Panitumumab (formerly known as ABX-EGF) is the first fully human monoclonal antibody to epidermal growth factor receptor to enter clinical trials for the treatment of solid tumors. Like cetuximab (Erbitux; BMS), it is directed against the extracellular ligand-binding domain of the receptor and results in blockade of the essential downstream signaling pathways that are known to govern apoptosis, proliferation and differentiation of both normal and neoplastic cell types in a wide array of tissues. It has a very high affinity for epidermal growth factor receptor and has been generally well tolerated and associated with very few infusion reactions. As a fully human agent, panitumumab has not been associated with the formation of any antibodies directed against it that has been evidenced by a very reliable pharmacokinetic profile with possible dosing schedules ranging from 1 to 3 weeks. Similar to other agents targeting the epidermal growth factor receptor pathway, a rash has been the primary toxicity and is dose dependent up to 2.5 mg/kg at which dose 100% of all patients have been affected. The anti-tumor activity of panitumumab has been tested in vitro and in vivo, and inhibition of tumor growth has been observed in numerous cancer models, particularly lung, kidney and colorectal. It has been efficacious and well tolerated both as monotherapy and in combination with other chemotherapeutic agents. Several phase I trials, two phase II trials and most recently a phase III trial in pretreated colorectal cancer have been carried out to date. Currently, there is also a randomized phase III trial (Panitumumab Advanced Colorectal Cancer Evaluation Study) investigating the role of panitumumab in the first-line treatment of colorectal cancer. No unfavorable drug-drug interactions have been observed nor has there been any effect on the pharmacokinetics of drugs with which it is being used. Recent progress in preclinical and clinical studies of panitumumab is reviewed.

Role of panitumumab in the management of metastatic colorectal cancer.
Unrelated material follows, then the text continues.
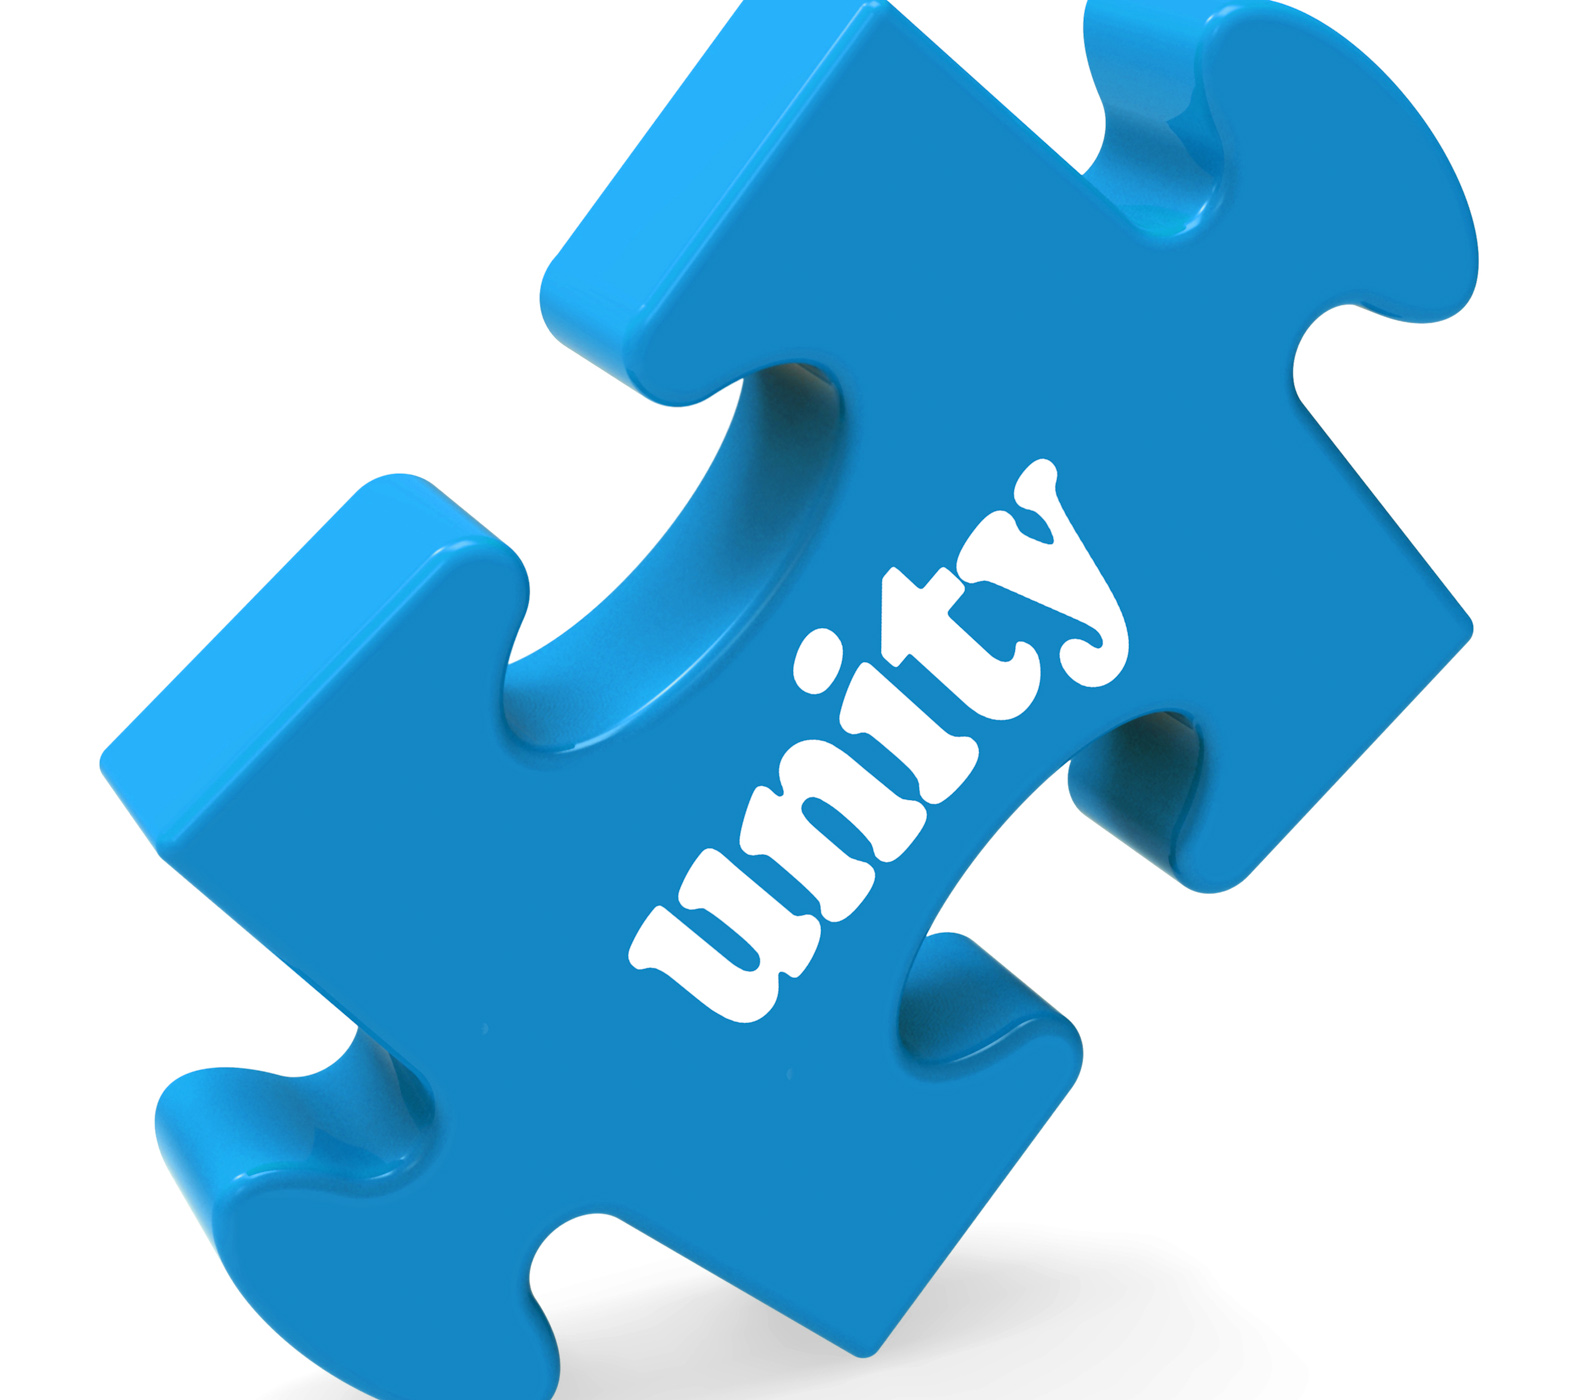 Unity shows partner team teamwork or collaboration photo
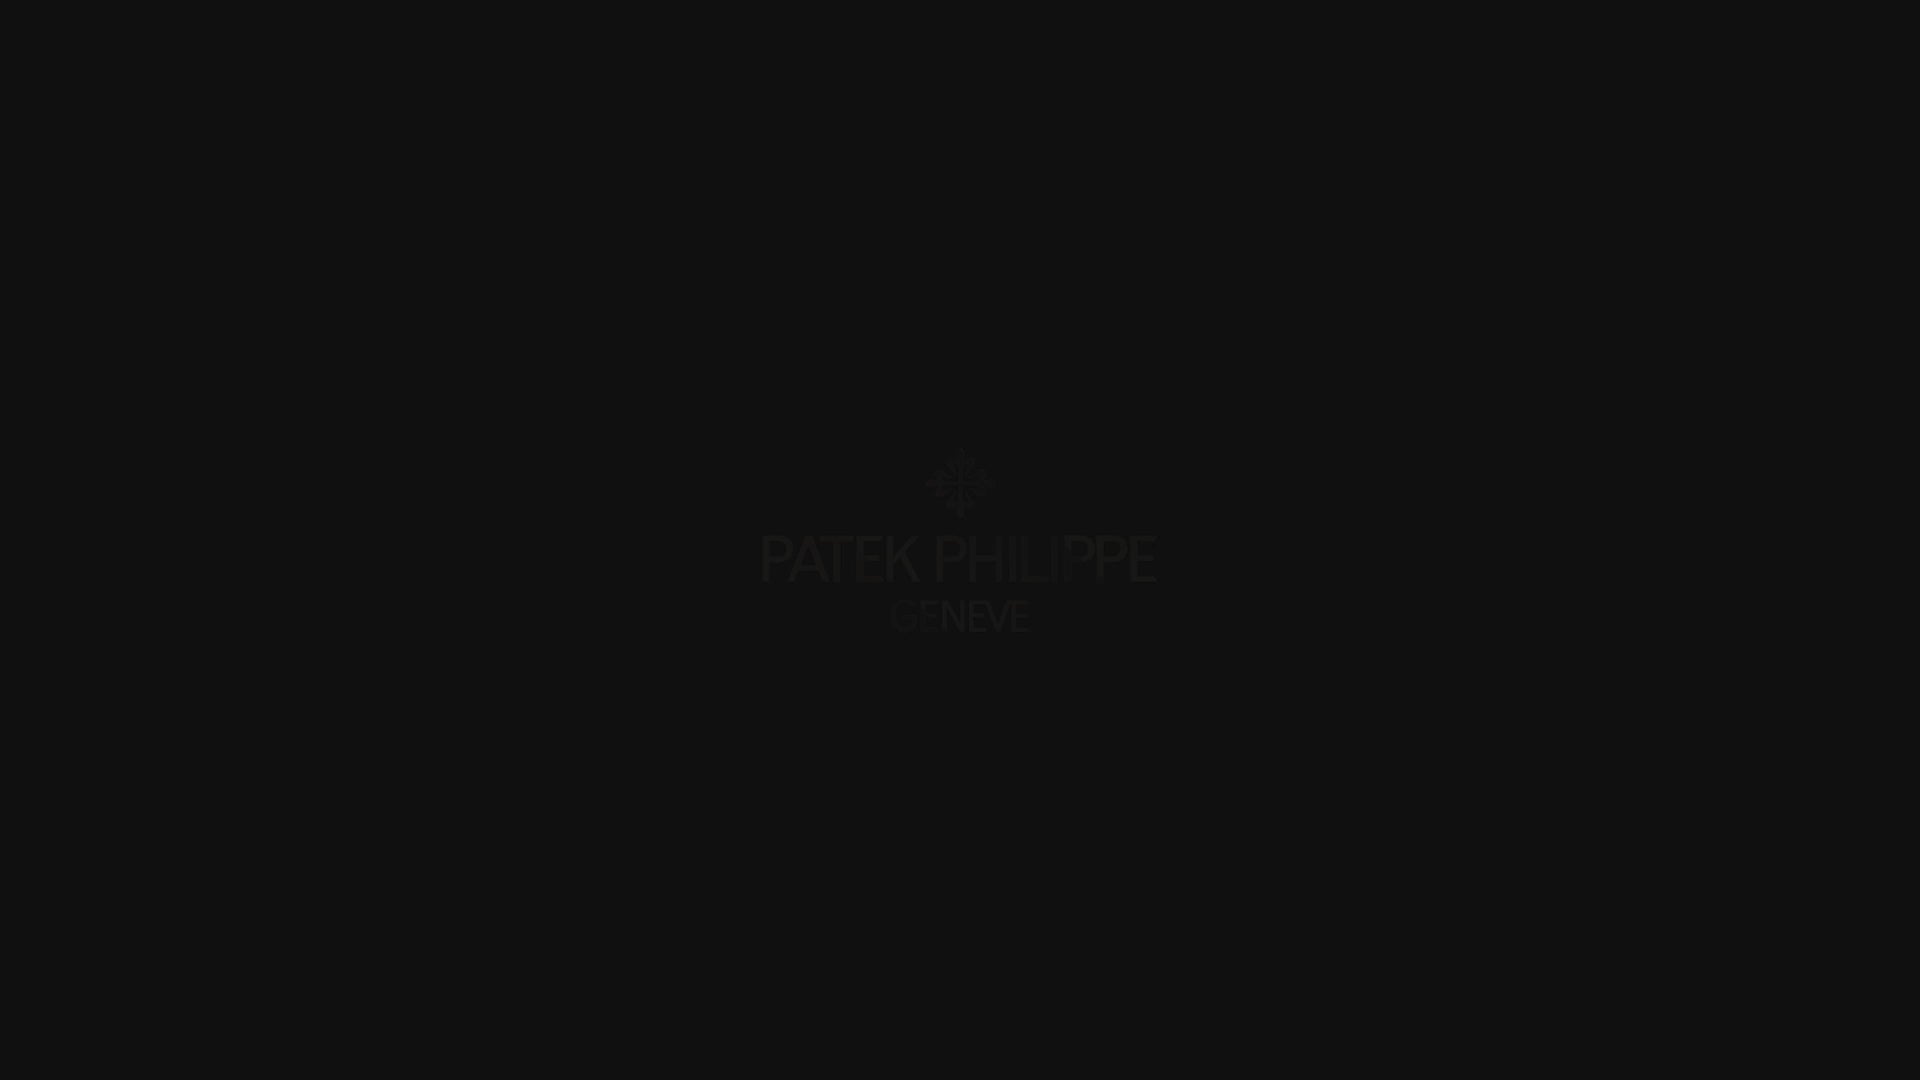 Patek Philippe Complications 5205R-011

Panitumumab (formerly known as ABX-EGF) is the first fully human monoclonal antibody directed against the epidermal growth factor receptor in clinical use. It has proven to be very well tolerated alone and in combination with other cytotoxic chemotherapeutic agents. Panitumumab has demonstrated efficacy as monotherapy and with standard chemotherapeutic agents in a wide variety of cancer types, including non-small-cell lung cancer, renal, and colorectal cancer (CRC). To date, no human antihuman antibodies have been detected, and unlike cetuximab, infusion reactions are infrequent, and no premedications are required when administering panitumumab. The only significant toxicity has been a rash similar to that seen with other agents targeting the epidermal growth factor receptor, and such reactions have been predominantly mild to moderate. In metastatic CRC, panitumumab has been safe and efficacious when given with other commonly used agents in this disease, including irinotecan and fluorouracil. Current studies under way are looking at panitumumab in combination with FOLFOX (fluorouracil/leucovorin/oxaliplatin) plus bevacizumab as well as with novel agents that have yet to come into common clinical practice. Recent progress in development of panitumumab in the management of CRC is reviewed, and management of associated rash is discussed herein.